[RabbitMQ] Retry Mechanism

2021. 11. 3. 10:49 Spring Cloud/RabbitMQ

이번 글에서는 RabbitMQ의 Wait Queue와 Dead Queue를 사용한 메세지 처리 Retry mechanism에 대해 알아보겠습니다.

0. Retry Mechanism이란?

메시지 처리에 실패했을때 실패한 메시지에 대한 error handling 방법을 구조화한 structure 입니다.

이전 글에서 처리에 실패한 메시지는 DLX(Dead Letter Exchnage)로 보내어 적절한 error handling 과정을 거쳐야된다고 말씀드렸습니다. 이를 좀더 구체화하면 아래 그림과 같은 Retry Mechanism으로 표현할 수 있습니다.

 

 

✔ Retry Mechanism
0. "work exchnage"에서 "work queue"로 메시지를 전달한다.

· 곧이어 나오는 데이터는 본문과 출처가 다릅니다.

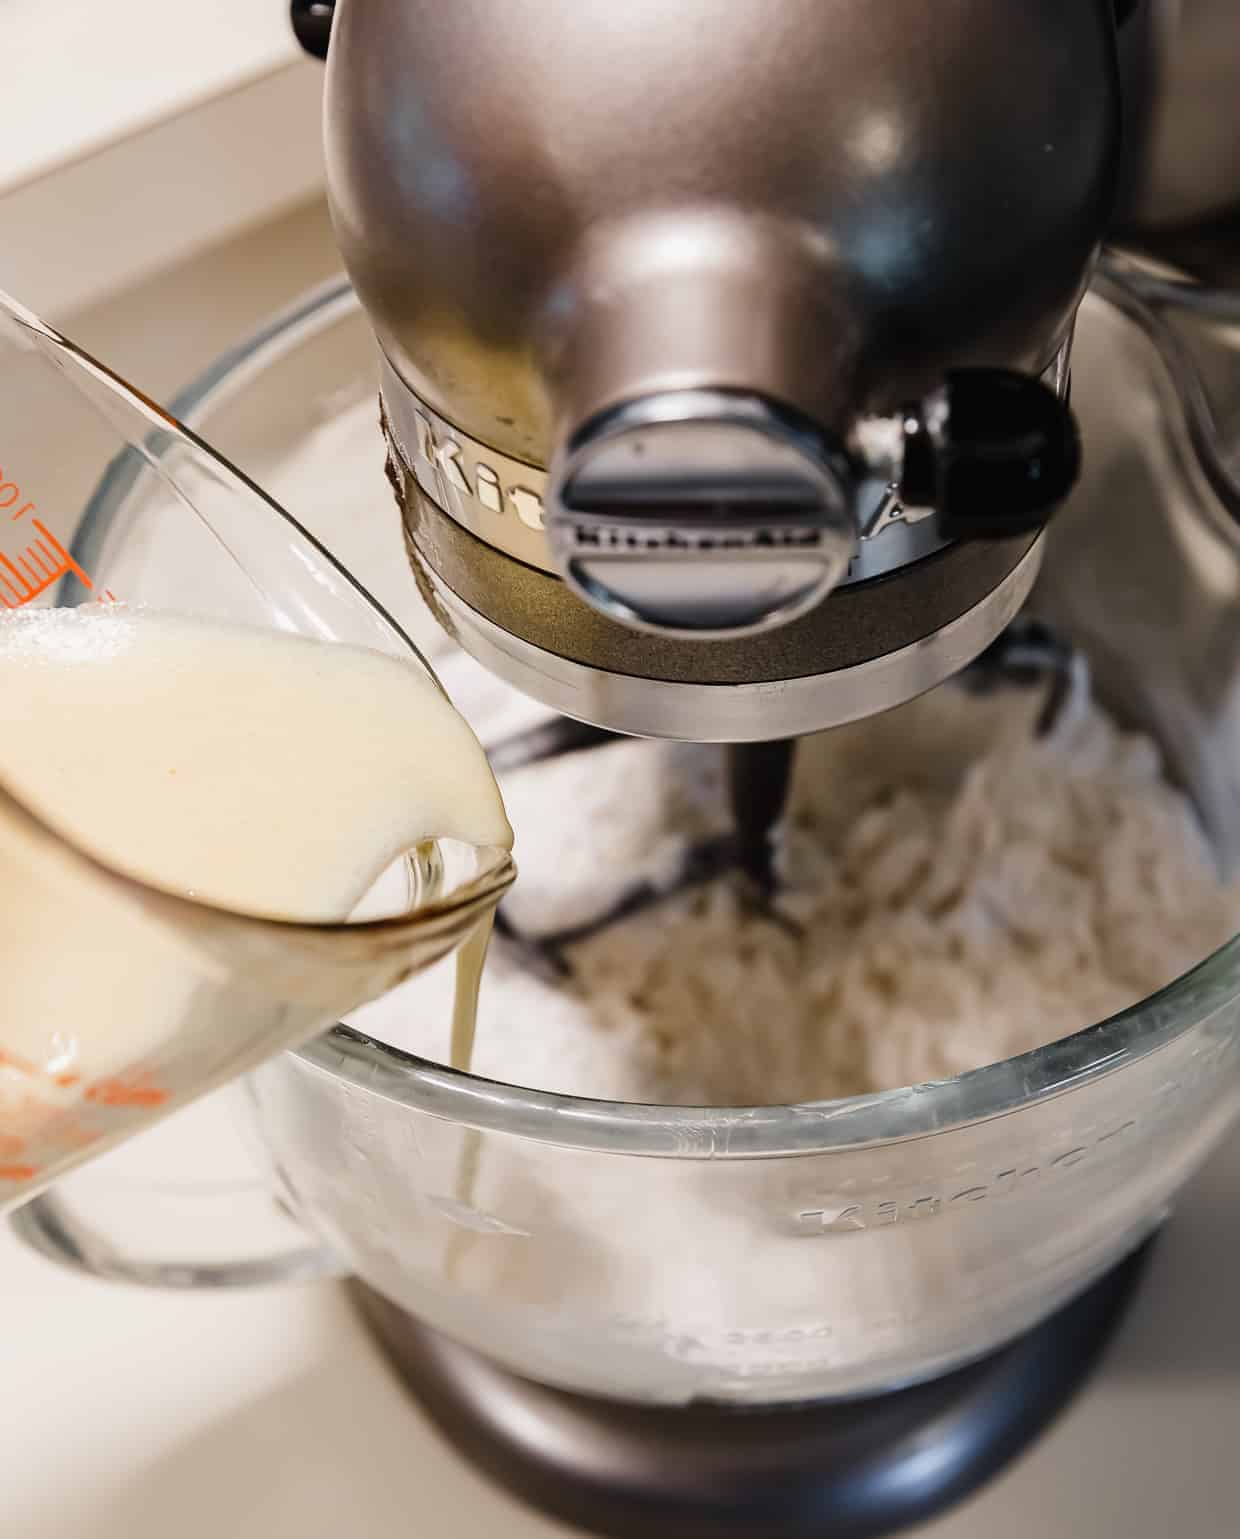 Liquid ingredients being poured into a stand mixer bowl.

  1. "work queue" 에서 메시지를 처리한다.
  2. "work queue" 메시지 처리에 실패하면 메시지의 Retry Count를 확인한다.
  3. 메세지의 Retry Count가 N보다 클 경우에는 "dead exchnage"로 보낸다.
  4. 메세지의 Retry Count가 N보다 작을 경우에는 "wait exchnage"로 보낸다.
  5. "wait queue"에서 TTL 시간 이상 거주한 메시지는 "work exchnage"로 보낸다.

위처럼 retry 전에 wait queue에서 머무는 방법을 통해, 동일한 에러발생 가능성을 조금이라도 줄일 수 있습니다.

Exchange의 구조는 다음과 같습니다.

 

 

Queue의 구조는 다음과 같습니다.

 

 

1. RabbitMQ Message Header

Retry Mechanism을 구현하기 위해선, 해당 메세지의 처리시도 횟수를 확인할 수 있어야 합니다.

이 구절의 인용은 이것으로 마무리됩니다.